# Free Sound effect playback for Mac OSX?



## zac850 (Aug 22, 2004)

Hi Guys,
I was wondering if anyone knew of any good sound effect playback program for Mac's. As of now I am using iTunes, which works perfectly well, but you need to stay on it to make sure it doesn't go to the next track in the playlist. 

I was wondering if anyone knew of any good program that was free that would work.

Thanks guys,
Zac


----------



## JasonH (Aug 29, 2004)

I've used quicktime player. Just make sure the correct window is highlited and hit space.


----------



## mbenonis (Aug 29, 2004)

I've thought about writing one, but sadly, time has always gotten in the way.


----------



## JasonH (Aug 29, 2004)

or just burn them to cd and use a decent deck to run them


----------



## Nephilim (Sep 7, 2004)

AudioRack might work?

http://www.macupdate.com/info.php/id/14672


----------



## rgsw (Sep 7, 2004)

have a play with garage band i'm sure there must be an option in it sumwhere


----------



## SuperCow (Sep 7, 2004)

The application Play Sound is a simple sound player. Simply drop any sound file onto the application icon, and it will play, no fuss, no muss. It's also fully AppleScriptable, which can be very useful.


----------



## JasonH (Sep 8, 2004)

rgsw said:


> have a play with garage band i'm sure there must be an option in it sumwhere



why would the option be in there?
that doesnt make any sense...
not to mention garage band has way too much overhead for on the fly playback.


----------



## zachlipton (Dec 16, 2004)

I'd take a look at Cricket (http://www.soundcrack.net/cricket/index.html). It's not free ($150 though you might be able to arrange a school discount). It was written by a professional sound designer specifically for theater use. It can handle multiple outputs and fades between them, has a built in equalizer, play up to four tracks at once, and a lot of other goodies. You can also download it and try it for free, the only limitation is that you can't save your show files until you actually purchase it. I've ran entire shows off of an iBook and Cricket, it works really well and makes running cues brain-dead easy (press the space bar on each Go).


----------



## Peter (Dec 17, 2004)

The thing i do to with Windows Media Player 10 to make sure one sound doesnt run into the next is simply create a 30 second or minute wav file of complete silence and put that inbetween my real cues, that way, i have at least 30 seconds to hit the pause or stop button. This also works nicely when you have to playback 1/2 of a conversation with an actor on stage, that way, you can let it just keep running, and hit the next button to jump to the next recorded line. Sure, it's low tech, but it is simple, easy, and it works!


----------



## Nephilim (Dec 17, 2004)

zachlipton said:


> I've ran entire shows off of an iBook and Cricket, it works really well and makes running cues brain-dead easy (press the space bar on each Go).

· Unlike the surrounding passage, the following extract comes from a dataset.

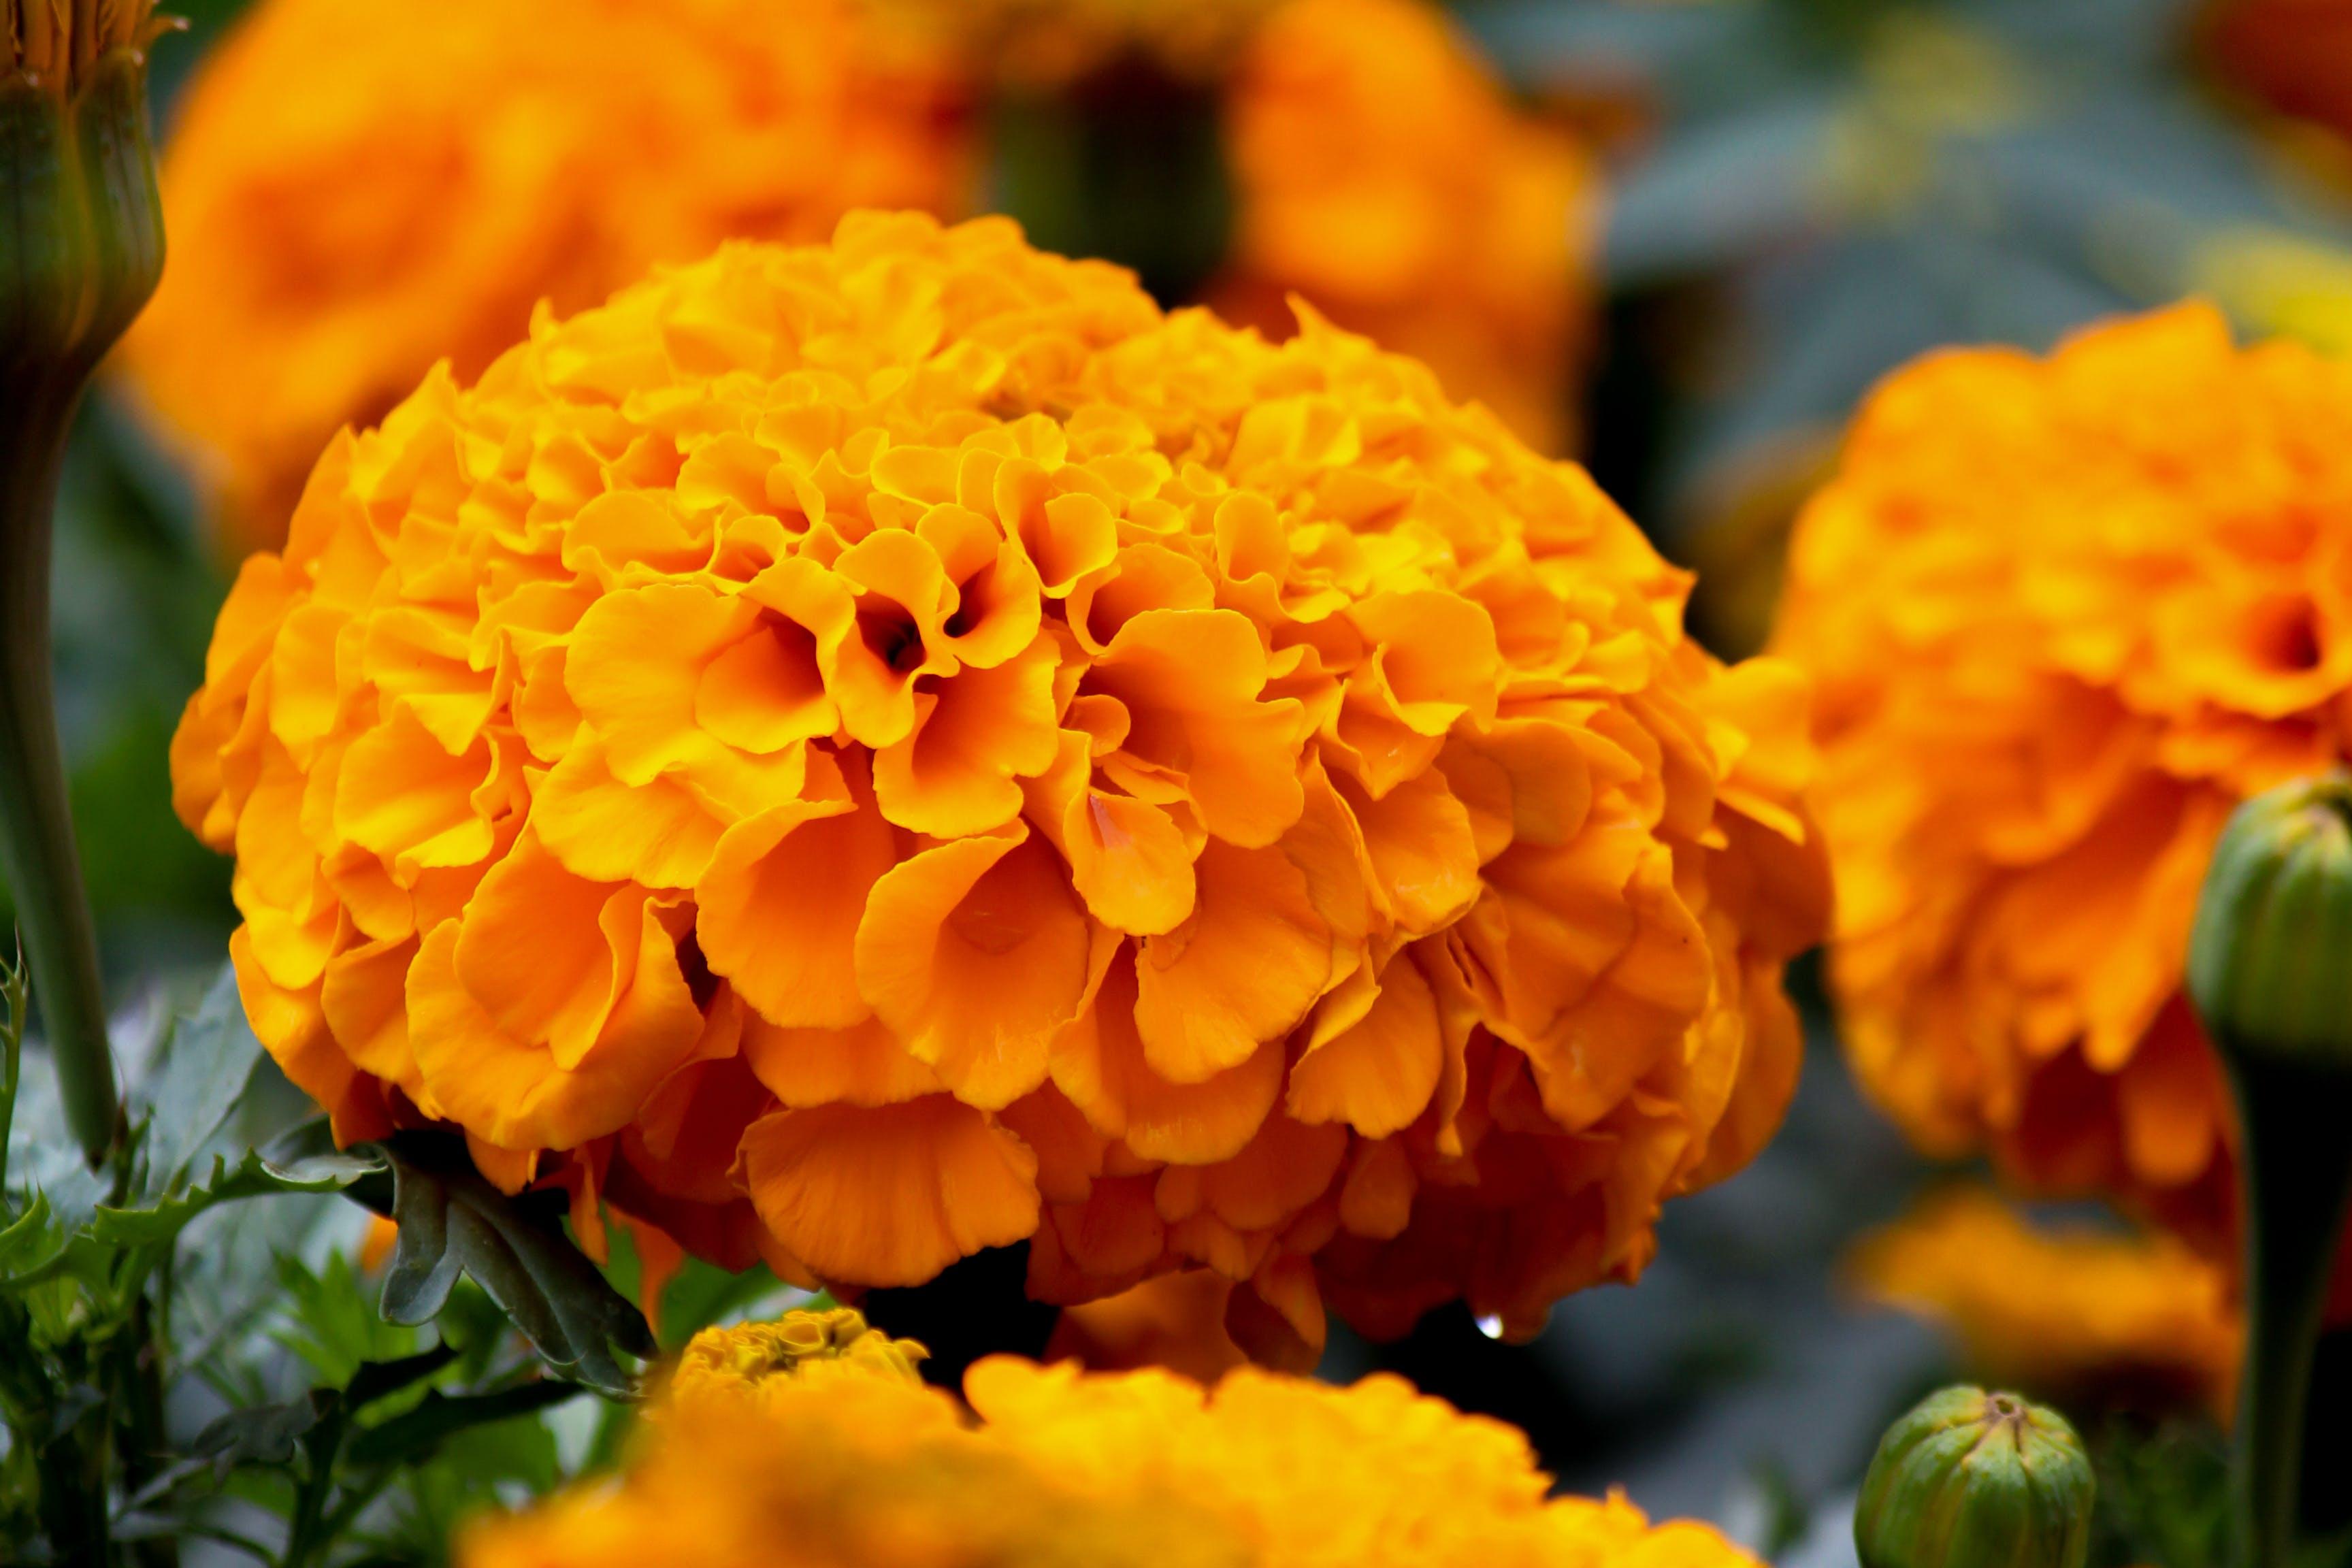 Free stock photo of nature, yellow, photography, orange
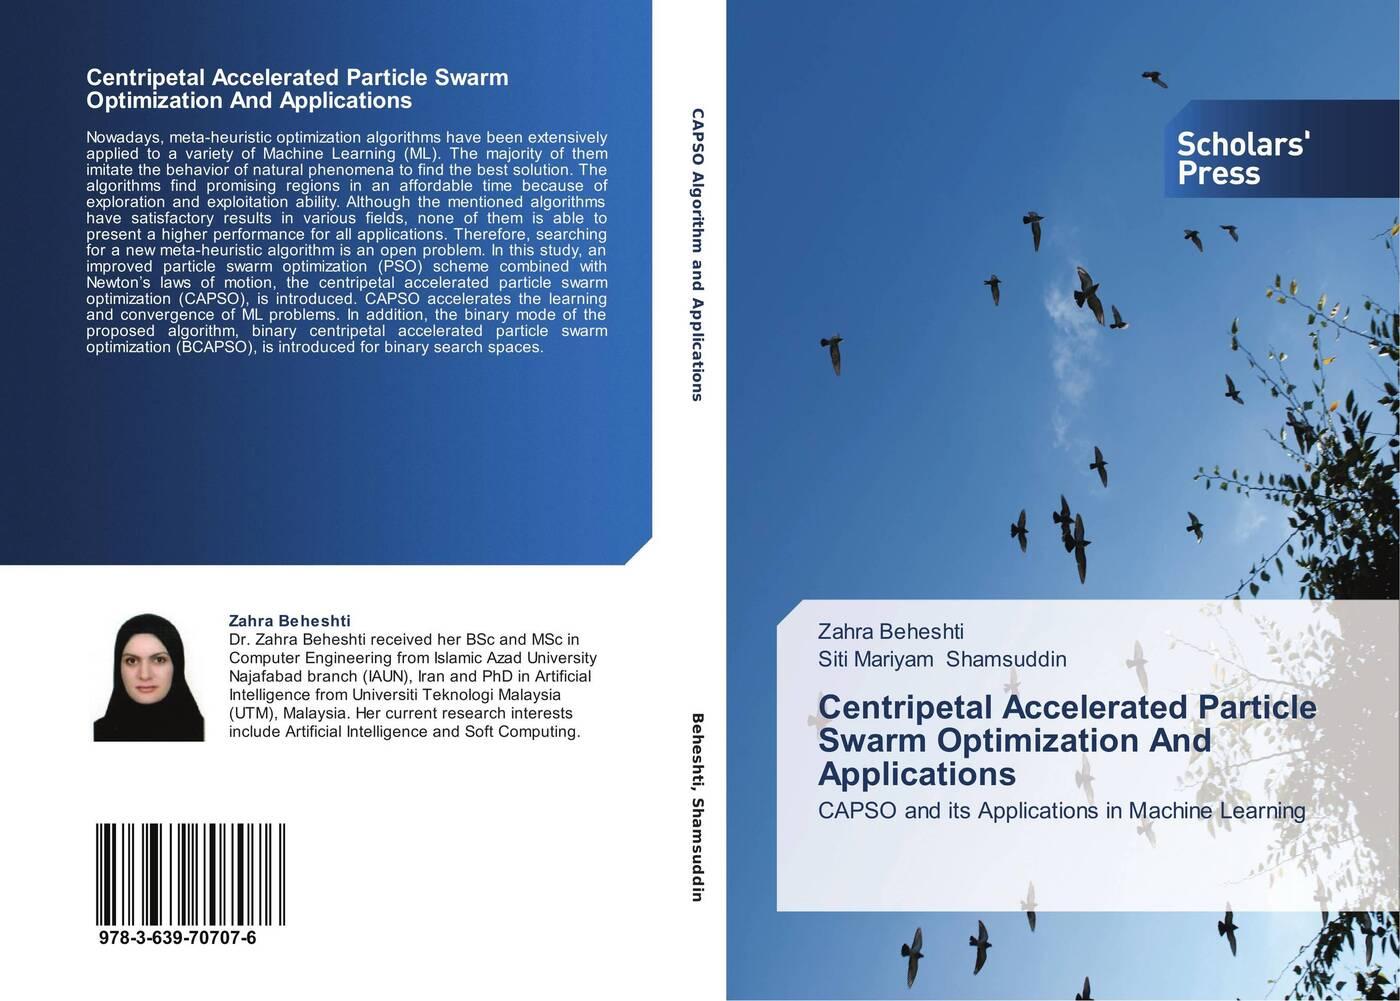 Zahra Beheshti and Siti Mariyam Shamsuddin Centripetal Accelerated Particle Swarm Optimization And Applications application of particle swarm optimization

Wahey! It's Q-Manager, but for OS X. Awesome. Pity there's no free version though.


----------



## zachlipton (Dec 17, 2004)

Nephilim said:


> Pity there's no free version though.



Yeah. Well the guy has to eat somehow. If you can at all afford it, I'd look at it though. It's really made for what you are looking for. At a minimum, you could always try the demo, and if it works for you, figure out how much you can afford and send them an email, explaining how you're a school and can pay this much and would it be possible to do an educational discount. Worth a shot.


----------



## Nephilim (Dec 18, 2004)

zachlipton said:


> explaining how you're a school and can pay this much and would it be possible to do an educational discount. Worth a shot.



Not any more I'm not 

By 'free version' I mean something similar to what Pete Hashagen did with Q-Manager and made a rather limited version (no EQ, no fade cues, no show control, nothing really except 2 channel cued playback) available for free and charged for the fuller-featured versions.


----------